Given the tool's complexity, does the description cover enough for an agent to succeed on first attempt?

For a mutation tool with 8 parameters, no annotations, and no output schema, the description is insufficiently complete. It doesn't explain what happens after the update, what the response looks like, error conditions, or how this tool relates to other document operations in the system. The agent lacks crucial context for proper tool invocation.

Complex tools with many parameters or behaviors need more documentation. Simple tools need less. This dimension scales expectations accordingly.

Parameters3/5

Does the description clarify parameter syntax, constraints, interactions, or defaults beyond what the schema provides?

The input schema has 100% description coverage, with clear parameter documentation including enum values for 'location' and 'category'. The description adds no additional parameter information beyond what's already in the schema. According to scoring rules, when schema_description_coverage is high (>80%), the baseline is 3 even with no param info in the description.

Input schemas describe structure but not intent. Descriptions should explain non-obvious parameter relationships and valid value ranges.

Purpose4/5

Does the description clearly state what the tool does and how it differs from similar tools?

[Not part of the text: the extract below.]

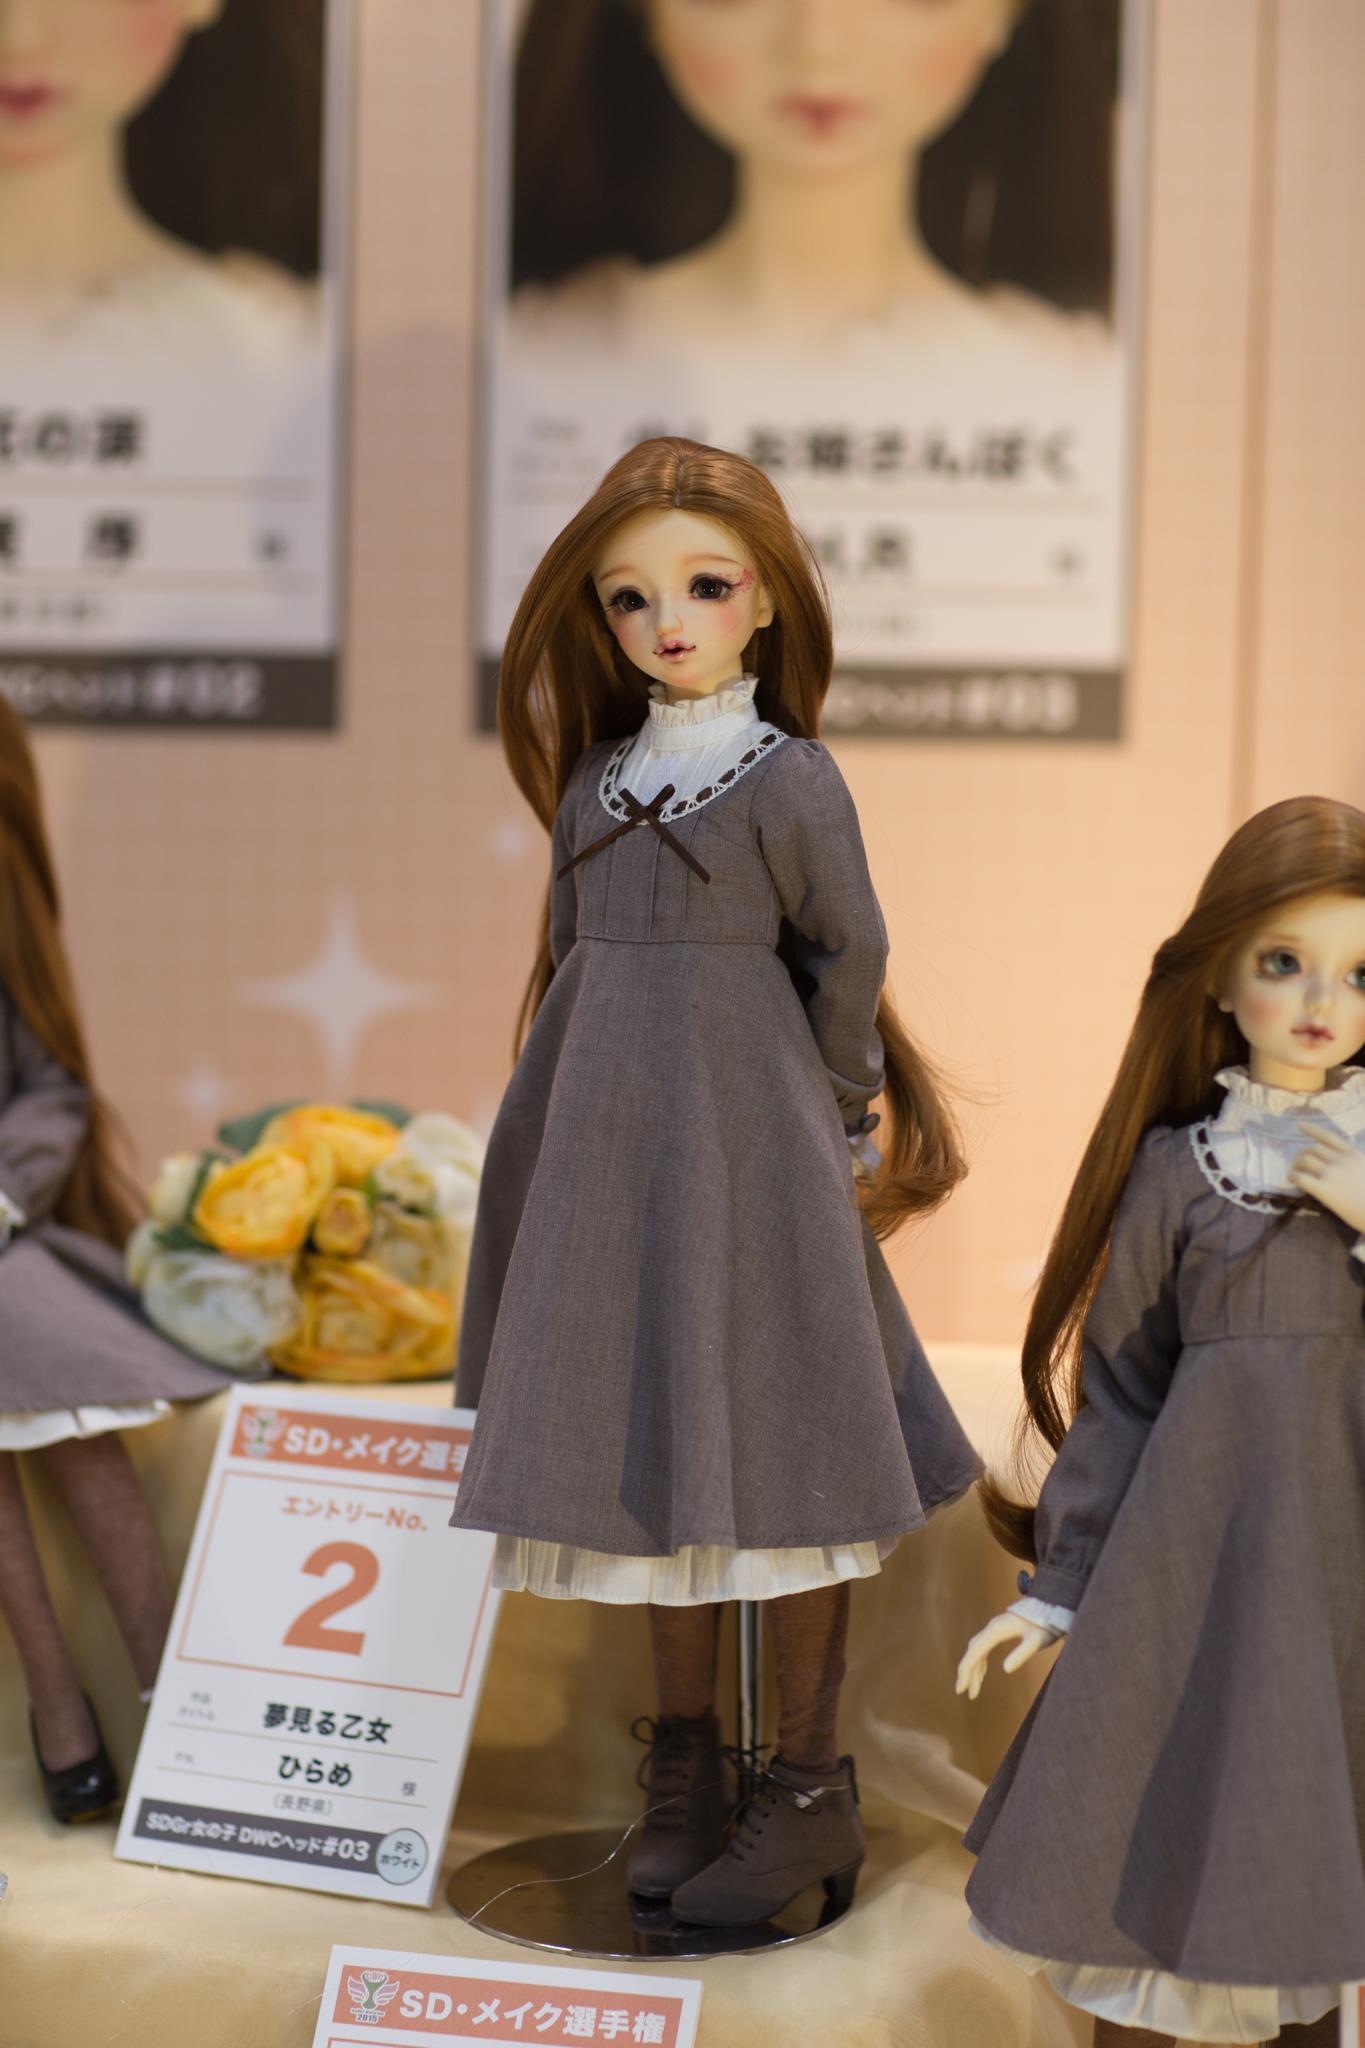 DWC2015_SD・メイク選手権_No.4 花の涙 P.N. 黄 序 様
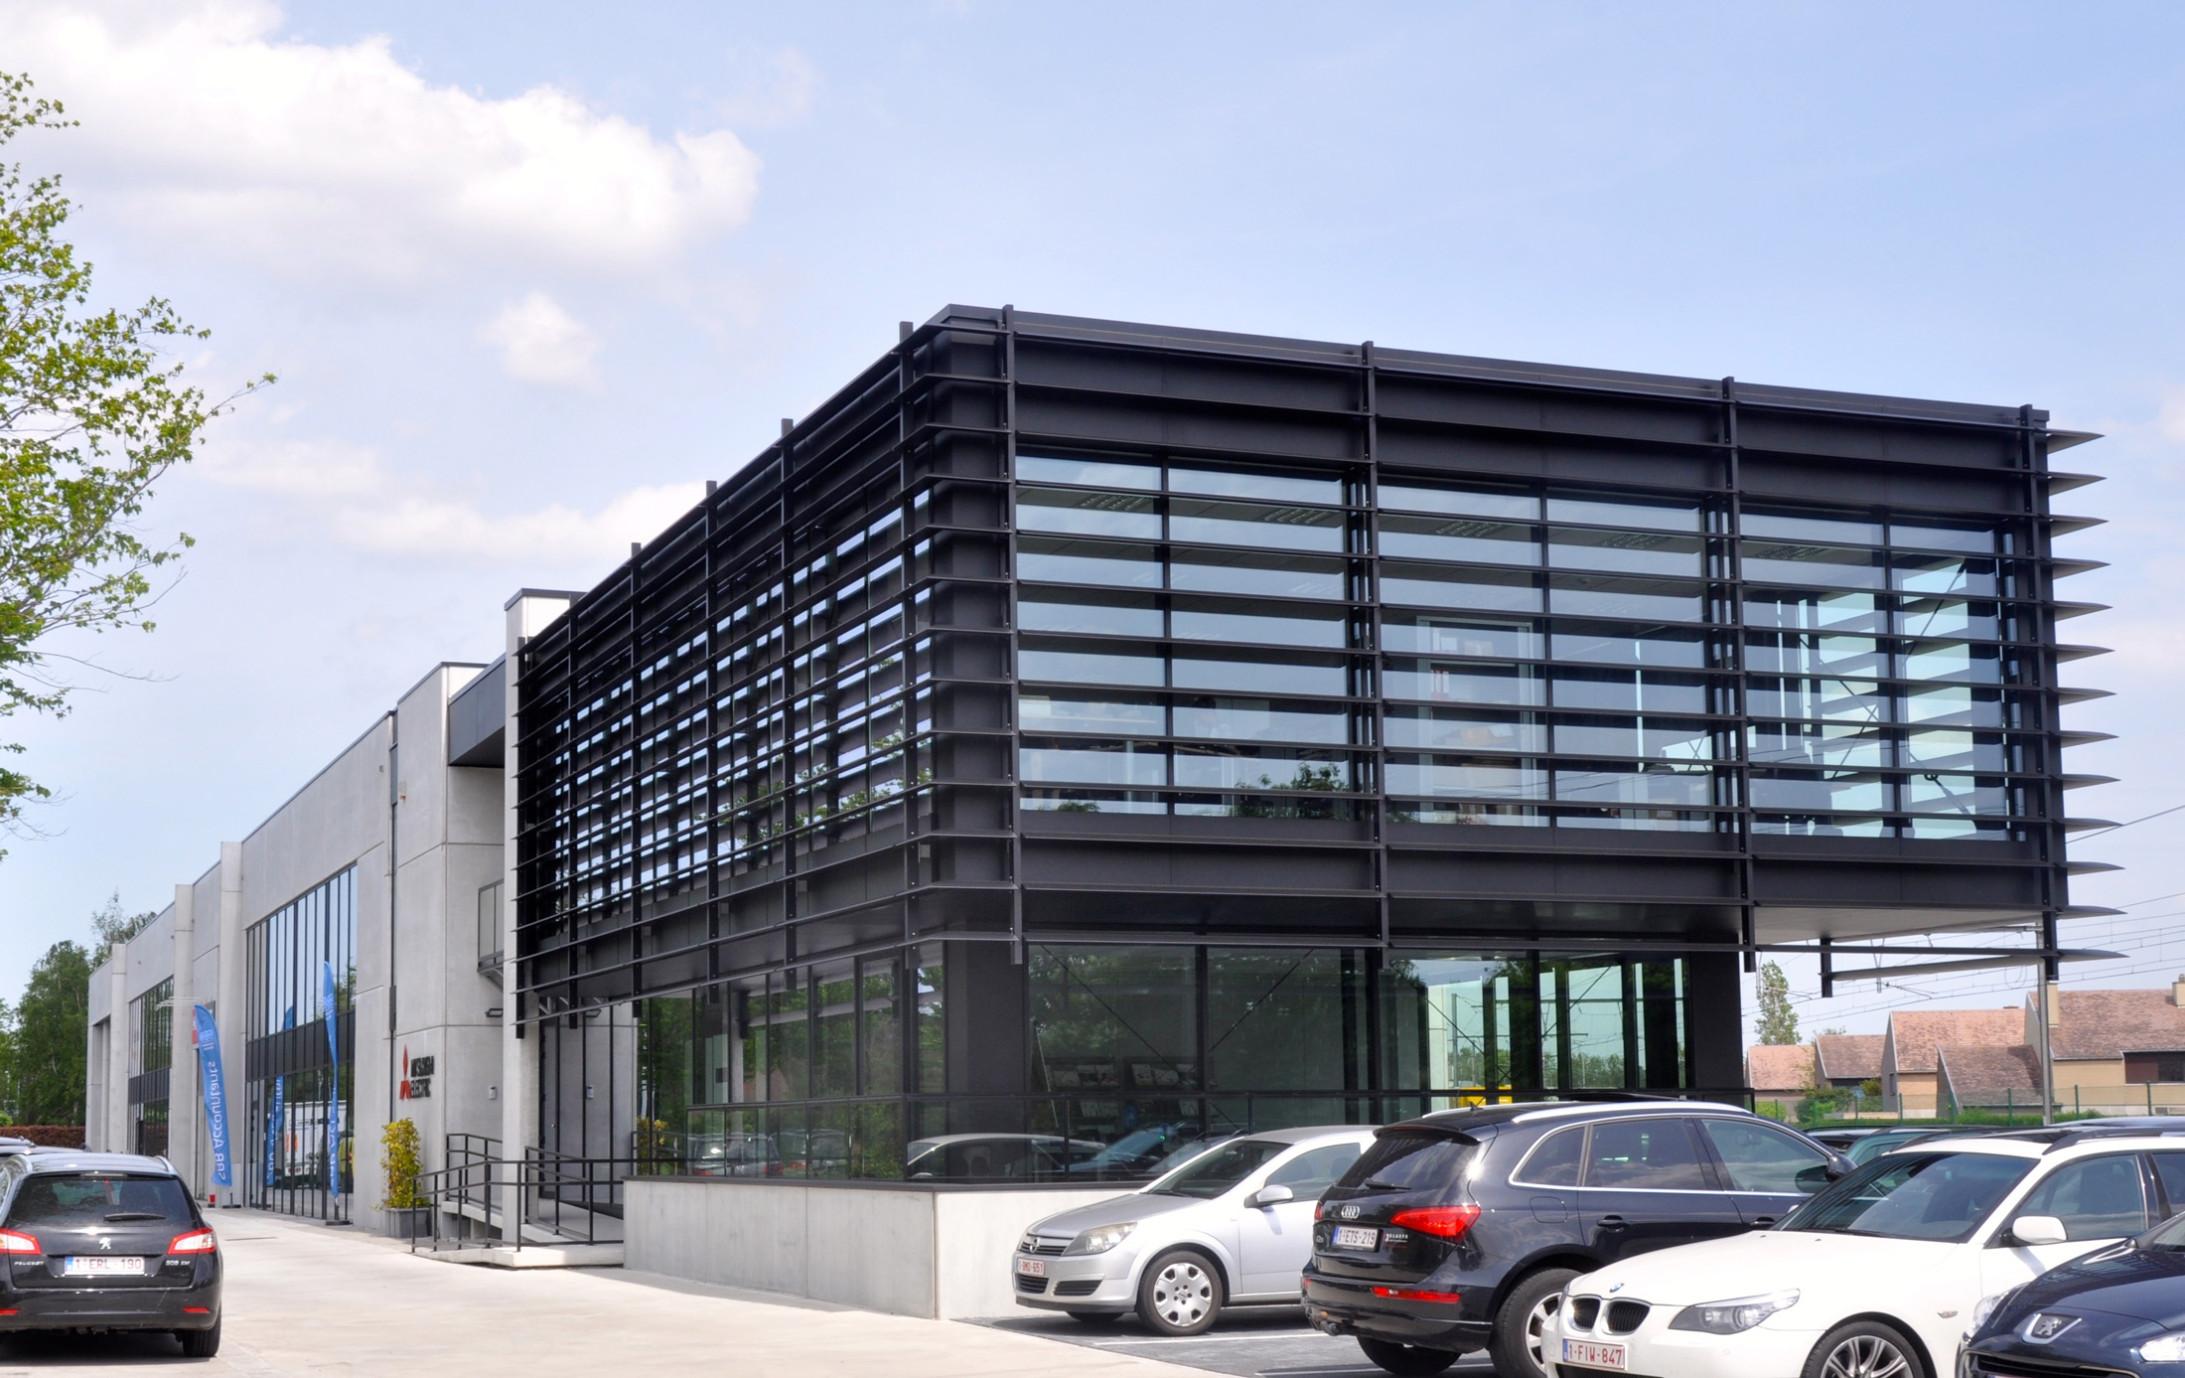 Kantoorgebouw Autobaan3_Brugge_Claeys Architecten.jpg

The description clearly states the verb ('Update') and resource ('a document in Readwise Reader'), making the purpose immediately understandable. However, it doesn't distinguish this tool from its sibling 'readwise_save_document' (which might create documents) or 'readwise_delete_document' (which removes them), missing an opportunity for sibling differentiation.

Agents choose between tools based on descriptions. A clear purpose with a specific verb and resource helps agents select the right tool.

Usage Guidelines2/5

Does the description explain when to use this tool, when not to, or what alternatives exist?

The description provides no guidance on when to use this tool versus alternatives like 'readwise_save_document' (for creating) or 'readwise_list_documents' (for viewing). There's no mention of prerequisites, error conditions, or typical use cases, leaving the agent with insufficient context for appropriate tool selection.

Agents often have multiple tools that could apply. Explicit usage guidance like "use X instead of Y when Z" prevents misuse.